Originally published Jan. 29, 2012

Although many recent reports have said the shortage of Adderall will continue in 2012, Pharmacist David Miller at Keystone Pharmacy in Grand Rapids said it is significantly diminished. The U.S. Food and Drug Administration updated its list of drug shortages last year to include the Adderall, which helps repress the symptoms of attention deficit hyperactivity disorder.

“We are able to get product again,” Miller said. “We’re filling at probably 90 percent now.”

The pharmacist said he had to turn away about 95 percent of his 1,000 Adderall patients per month during the peak of the shortage, during which time the drug was distributed on a first-come-first-serve basis.

Miller added that about half of the Adderall prescriptions are brought in by college students. One Grand Valley State University student, who spoke off the record to maintain medical privacy, said he has been allowed fewer Adderall refills due to the shortage.

“Before the shortage, I would take up to 20 milligrams a day,” he said. “That was usually taken as one 10-milligram pill in the morning and another in the afternoon. Since the shortage, I switched to one a day, and now even fewer. Some days I just have a lot of work to do and need to take two, but that means I have to go short on another day.”

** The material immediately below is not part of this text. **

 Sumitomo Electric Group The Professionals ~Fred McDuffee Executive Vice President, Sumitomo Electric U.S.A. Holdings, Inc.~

The student said the shortage poses a significant hindrance to his studies.

“When I am not on Adderall, I feel disengaged from the present moment,” he said. “If there is a lecture being given, I will get less out of it if I am not on Adderall. My productivity decreases as I try to sort out the helpful thoughts from the unhelpful.”

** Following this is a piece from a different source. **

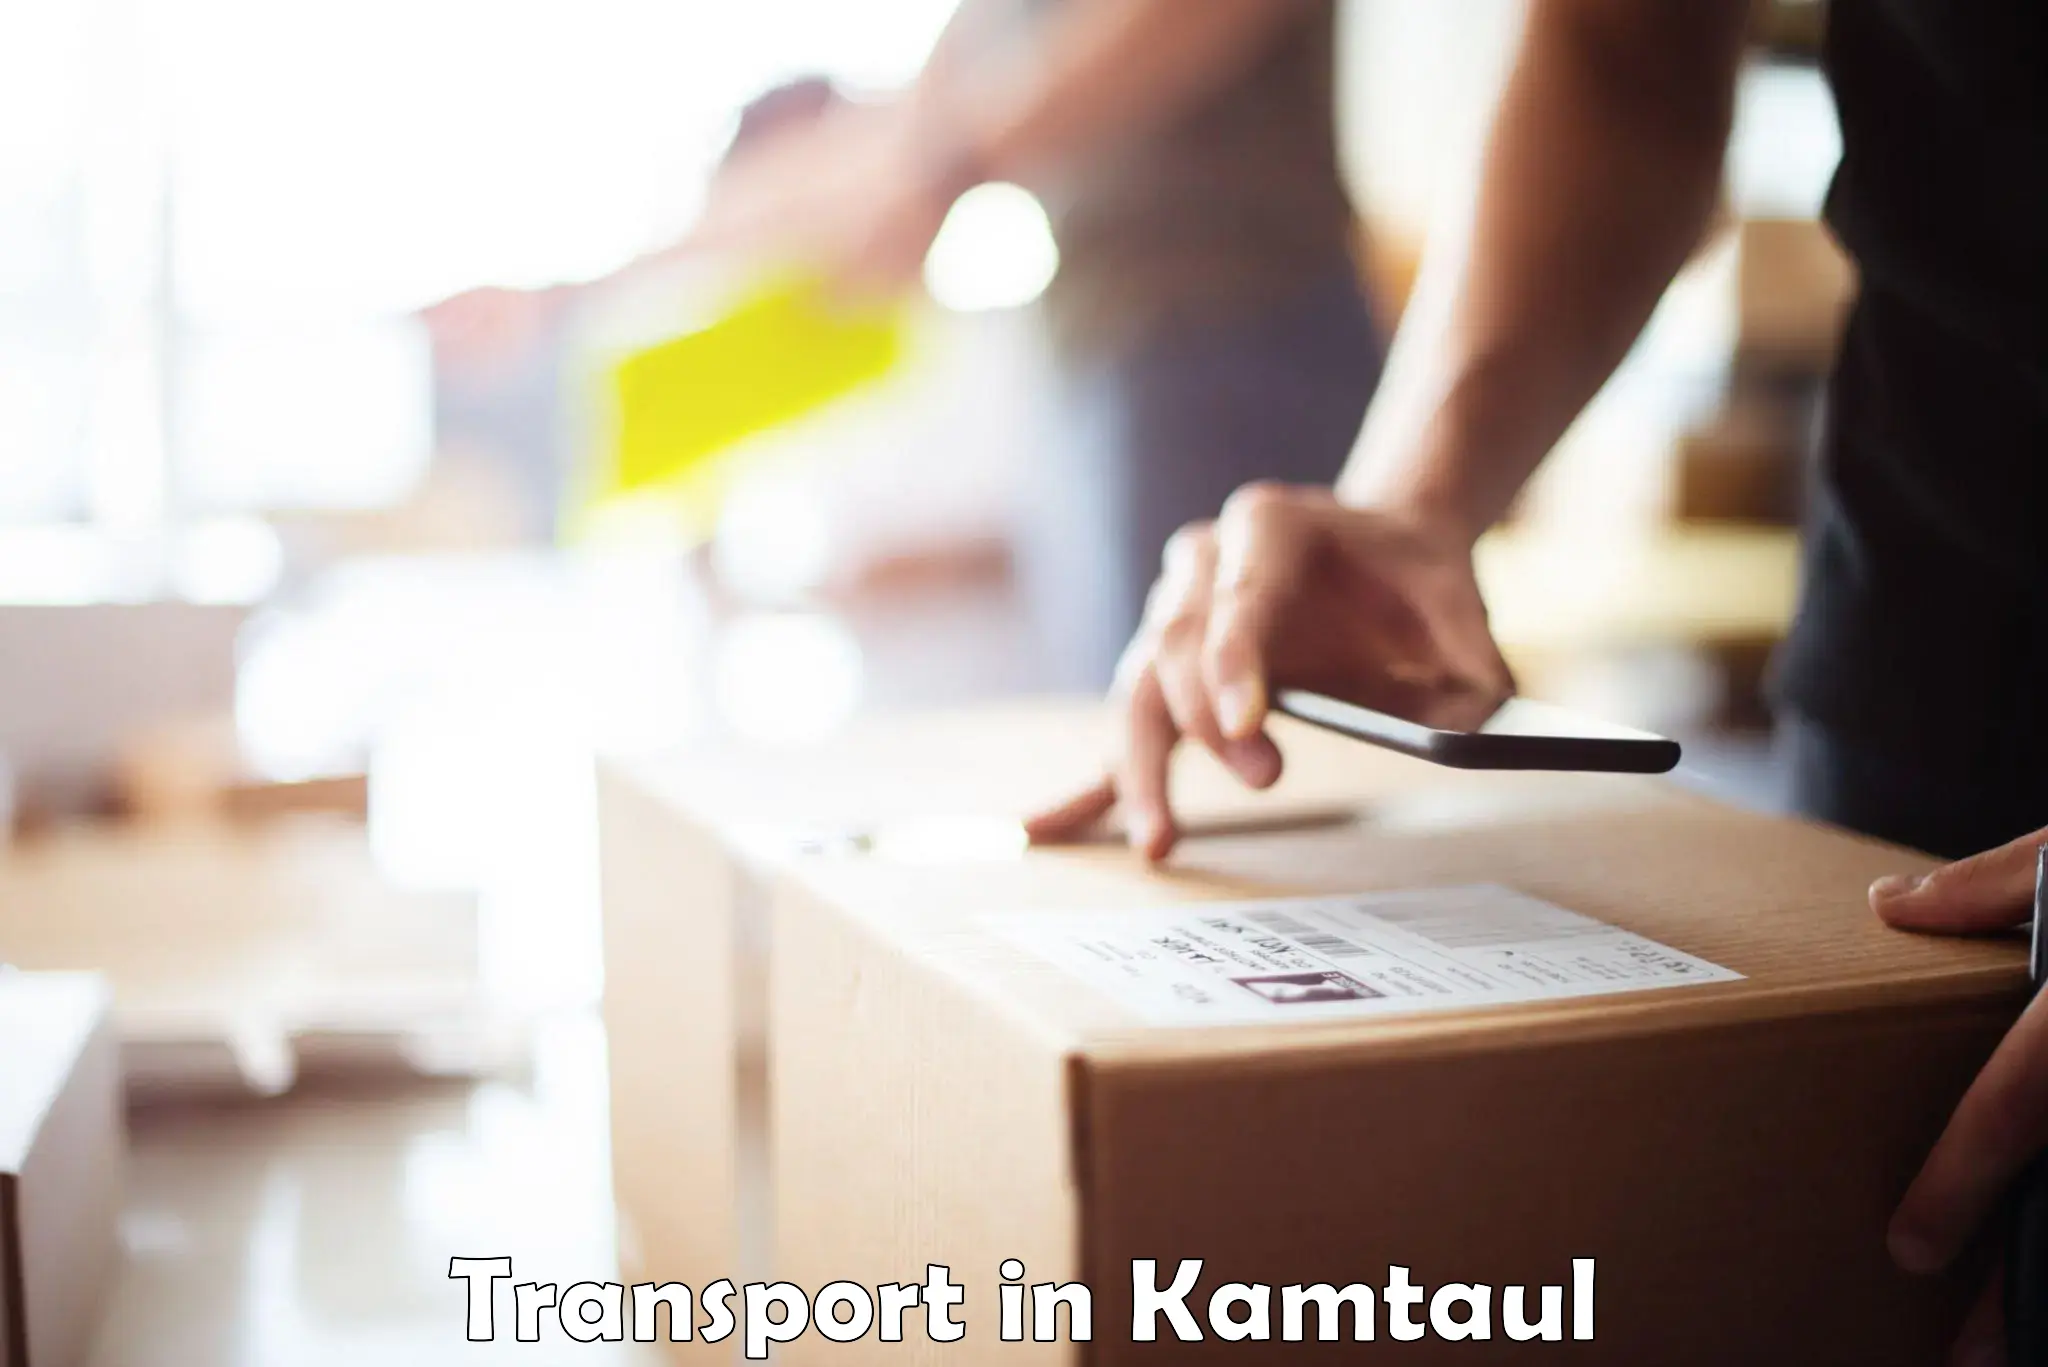 Express transport services in Kamtaul

Suganthi Sridhar, assistant professor of biomedical sciences at GVSU, said people with ADHD who cannot receive Adderall face consequences that could be detrimental to their academic success.

“People who cannot receive Adderall have problems focusing, which can affect their day-to-day activities, and exhibit poor performance at school or at work,” Sridhar said. “It can also cause severe mood changes. Abrupt stop after prolonged and high dose usage can lead to extreme fatigue and mental depression.”

Both the GVSU Counseling Center and Student Disabilities Services work with students who have ADHD.

“Eighty percent of the students that are registered with my office have ADHD,” said Kathleen Vanderveen, assistant director of SDS. Vanderveen said SDS provides students non-medical assistance to overcome their academic struggles.

“We provide, if need be, extended time on tests, maybe a separate location to take tests, sometimes a note taker for class so they can concentrate on lectures,” she said.

Associate Director of the Counseling Center, Wayne Kinzie, said the on-campus counselors also provide help for students with ADHD.

“For the past year, approximately 5 percent of the students who came into the center had ADHD,” Kinzie said.

The counselor said he was unaware of the Adderall shortage but added that a scarcity should not pose a huge problem for people with ADHD because other medicines can offer the same relief. Kinzie said students who cannot receive Adderall can seek prescriptions for Concerta, Strattera or Ritalin.

Although many substitute drugs are available for people with concentration problems, many people without ADHD still get prescriptions for Adderall, Sridhar said.

“There is wide use of Adderall among college students as a ‘study drug’ because of its ability to help focus and concentrate and produce energy at a level higher than normal,” she said. “Sometimes they are used during ‘cramming’ sessions or staying awake all night before an exam or to write a paper that requires energy and concentration.”

However, the people using the drug without a true need have contributed to the shortage.

“I understand why the shortage is happening,” the student on Adderall said. “A lot of people take Adderall recreationally or to pull all-nighters to study for exams, and therefore, there is not enough of the drug manufactured to go around. And I don’t blame them, but some people really do need the drug. And for those of us who do need it, this shortage is a real problem.”